Peptic Ulcer Disease

When ulcers or sores develop in stomach or duodenum (beginning of intestine), is called peptic ulcer disease (PUD). One out of eight persons in the United States develops this condition. The stomach produces a very strong acid. This acid helps digest and break down food before it enters the small intestine. The lining of the stomach is covered by a thick protective mucous layer which prevents the acid from injuring the wall of the stomach. When this mucous barrier is overcome by the acid or bacteria such as H. pylori or medications such as aspirin or similar non steroidal anti-inflammatory drugs (NSAIDS), ulcers develop in stomach or duodenum. Ulcers also develop in tumors such as gastrinomas when patients develop large amounts of acid.

Symptoms

Ulcers cause gnawing, burning pain in the upper abdomen. These peptic ulcer disease symptoms frequently occur several hours following a meal, after the food leaves the stomach but while acid production is still high. The burning sensation can occur during the night and be so extreme as to wake the patient. Instead of pain, some patients experience intense hunger or bloating. Antacids and milk usually give temporary relief. Other patients have no pain but have black stools or vomit blood, indicating that the ulcer is bleeding. Bleeding is a very serious complication of ulcers.

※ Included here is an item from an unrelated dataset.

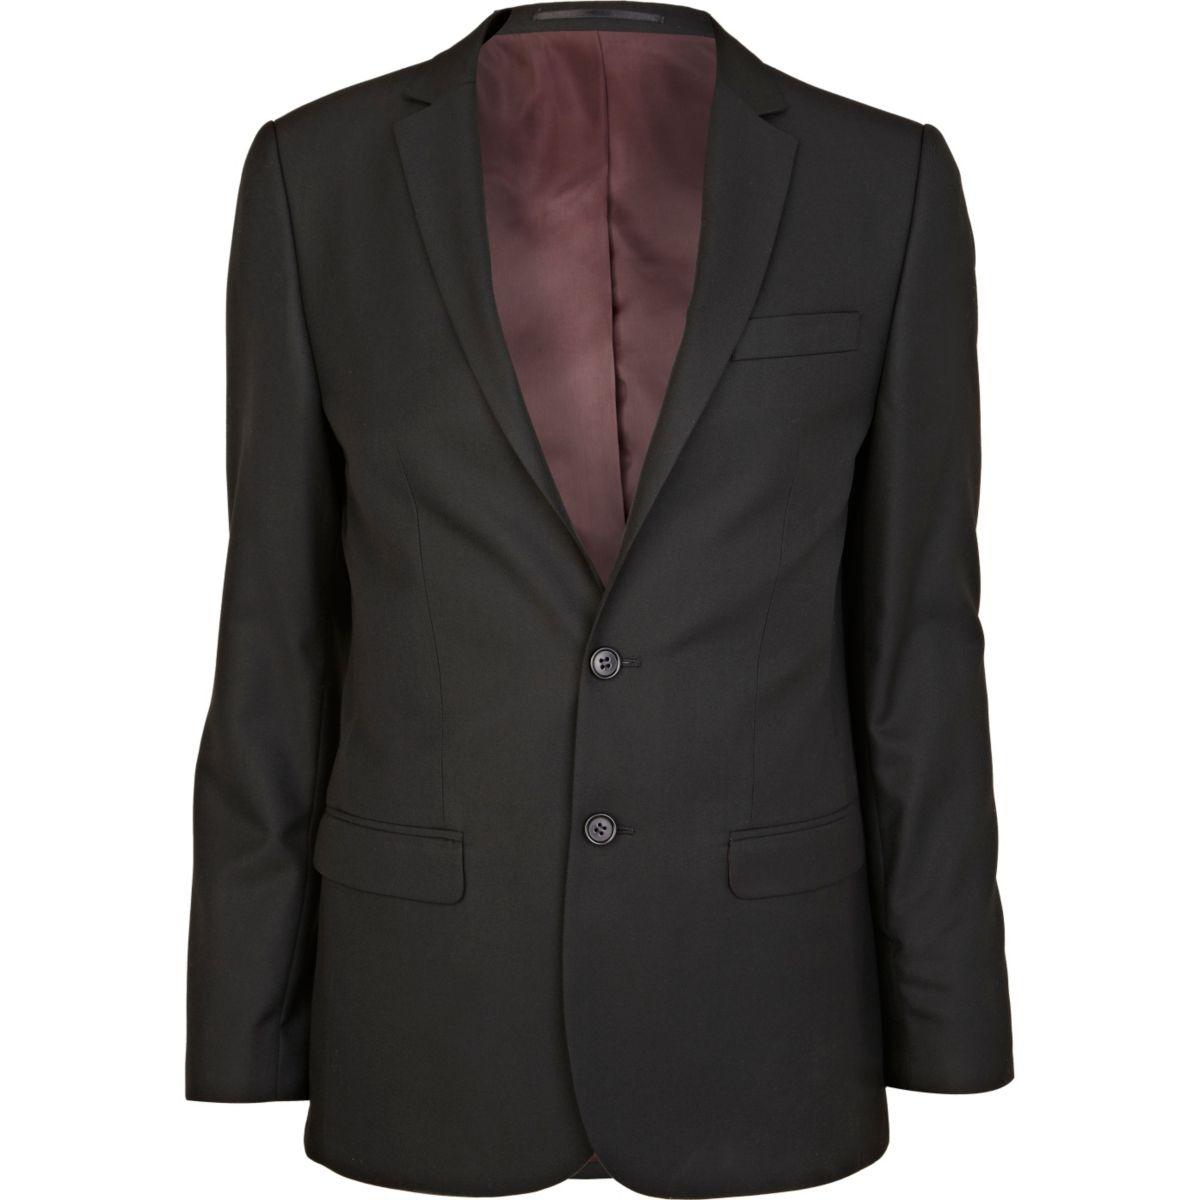 Schwarze elegante Anzugjacke

A diagnosis of peptic ulcers can be suspected from the patient’s medical history. However, the diagnosis should always be confirmed either by an upper intestinal endoscopy, which allows direct examination of the ulcer or by a barium x-ray which is not very accurate. During endoscopy diagnosis of H. pylori should be made so that, ulcer can be treated effectively. Rarely an ulcer can be malignant. With endoscopy, a biopsy specimen can be obtained to determine if this is so.

Treatment

Peptic ulcer disease treatment has undergone profound changes since eighties. There are now available very effective medications to suppress and almost eliminate the outpouring of stomach acid. These acid-suppressing drugs have been dramatically effective in relieving symptoms and allowing ulcers to heal. If an ulcer has been caused by aspirin or an arthritis drug, not only these acid suppressing medications help to heal them, but also prevent them.

The second major change in PUD treatment has been the discovery of the H. pylori infection. When this infection is treated with antibiotics, the infection and the ulcer do not come back. Increasingly, physicians are not just suppressing the ulcer with acid-reducing drugs, but they are also curing the underlying ulcer problem by getting rid of the bacterial infection. If this infection is not treated, the ulcers invariably recur.

Caffeine and Alcohol stimulate the secretion of stomach acid and should be avoided in the acute phase of an ulcer while cigarettes delay the healing of an ulcer. Stress can aggravate the ulcers and may even cause them. Peptic ulcer disease surgery is used to be a major form of ulcer treatment. Now, it is the exceptional patient who needs surgical treatment of peptic ulcer disease such as perforation, obstruction, or uncontrolled hemorrhaging.